Similarly, as supply exceeds demand or as foreclosed homes sit vacant on the market, months of neglect and deterioration further reduce values. Vacant homes and unemployment can also result with social issues such as high crime rates making areas less desirable to purchase in.

» World Economic Outlook, Growth Resuming, Dangers Remain – International Monetary Fund, April 2012.




11 Comments

  1. Few people have been saying this for a while, even people in this blog. I think this blog was set up to inform people of this, emphasis on think Admin ;~D). No one wanted to look this way.

    Now that the IMF says it, I wonder if people at least not respond with “you’re a doom and gloomer”, when they’re told.

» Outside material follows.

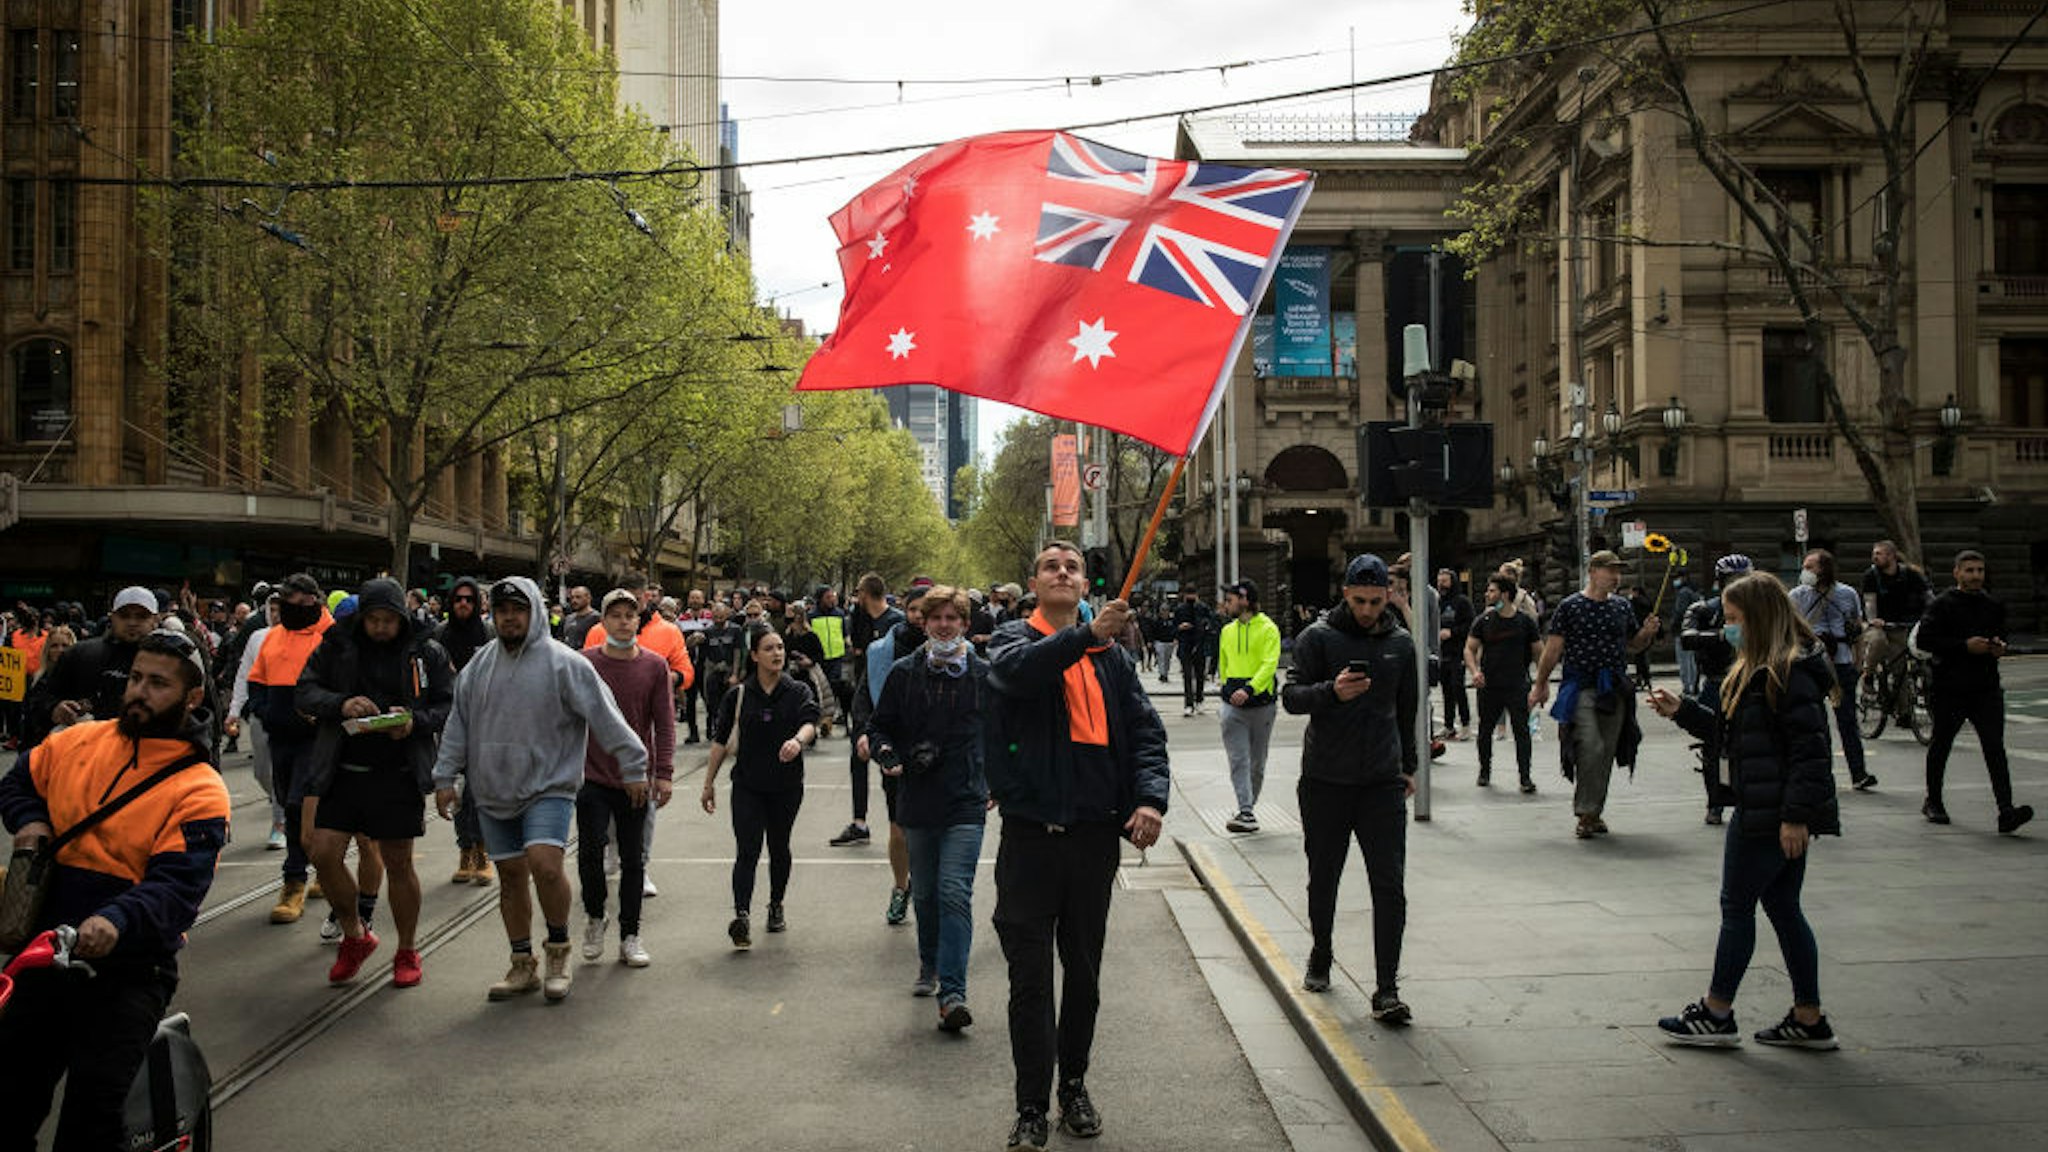 Protesters march through the streets on September 22, 2021 in Melbourne, Australia.

  2. I have been studying the house prices in a wealthy Melbourne beachside suburb for two years. In the last two months, 22 houses for sale (that is one in four) have reduced their prices by 6-15%. And that is before negotiations begin! The average drop is 8%. This is just the beginning. Many million dollar houses are coming onto the market, suggesting the owners can no longer service their mortgage.

  3. Hardly rocket science is it?? Since we now “all” regard a roof over the head as just another asset class to be treated, well, just like any other asset – we should expect the same effect on the downside of over-leverage as has been seen numerous times in e.g. shares – people were ever-so-keen to leverage themselves up to the eyeballs when buying in to the “Dot.Com” bonanza was all the rage, and Companies who had literally provided neither services nor products were almost arbitrarily assigned million-dollar “values”. We all know how welll (NOT) that ended, but it seems we are too eager to forget history, and repeat the same old mistakes time after time.

    Providing the Aussie economy doesn’t completely crater, what are the best that we’ll be seeing this all over again in a few decades time – to the tune of “but it’s DIFFERENT this time” – just like in the end, it was NOT different here from everywhere else right now.

  4. I can tell you exactly what caused the housing crash in Australia. Someone had this fictitious idea of as worldwide recovery in their head and jacked up interest rates prematurely for no reason whatsoever. This is the sole reason for the housing crash artificially high interest rates compared to other major cities around the world.

  5. Tony, we couldn’t possibly blame moronic, greedy homeowners living beyond their means, without even anticipating the possibility of rates rising, could we? Nah, let’s blame the faceless public servants like any good bleeding heart, nanny stater would. Couldn’t possibly expect people (adults) to take responsibility for their actions could we?

    I reckon if you think hard about it, you might actually find the cause for the ‘housing crash’ is in fact running low interest rates for too long.

    BTW in terms of a ‘housing crash’ I think we haven’t scratched the surface yet.

  6. Tony, its not the interest rates but rather the ease of credit and a favourable tax environment.
    Rate moves are not about the speed of the car but rather about swerving wildly to dodge the obstacles.

    /Don’t get run over.

  7. While low interest rates, favorable tax environment and ease of credit contributed towards this problem the cause was unethical investing behaviour by residential property investors facilitated by decision makers that enginerd this event to transfer wealth to the elite. I wish that people will wake up and realize that both this government and the past government intentionally created this problem. Both these governments are controlled by the same people and so it does not matter who you vote for. Do you really think the government cares about us?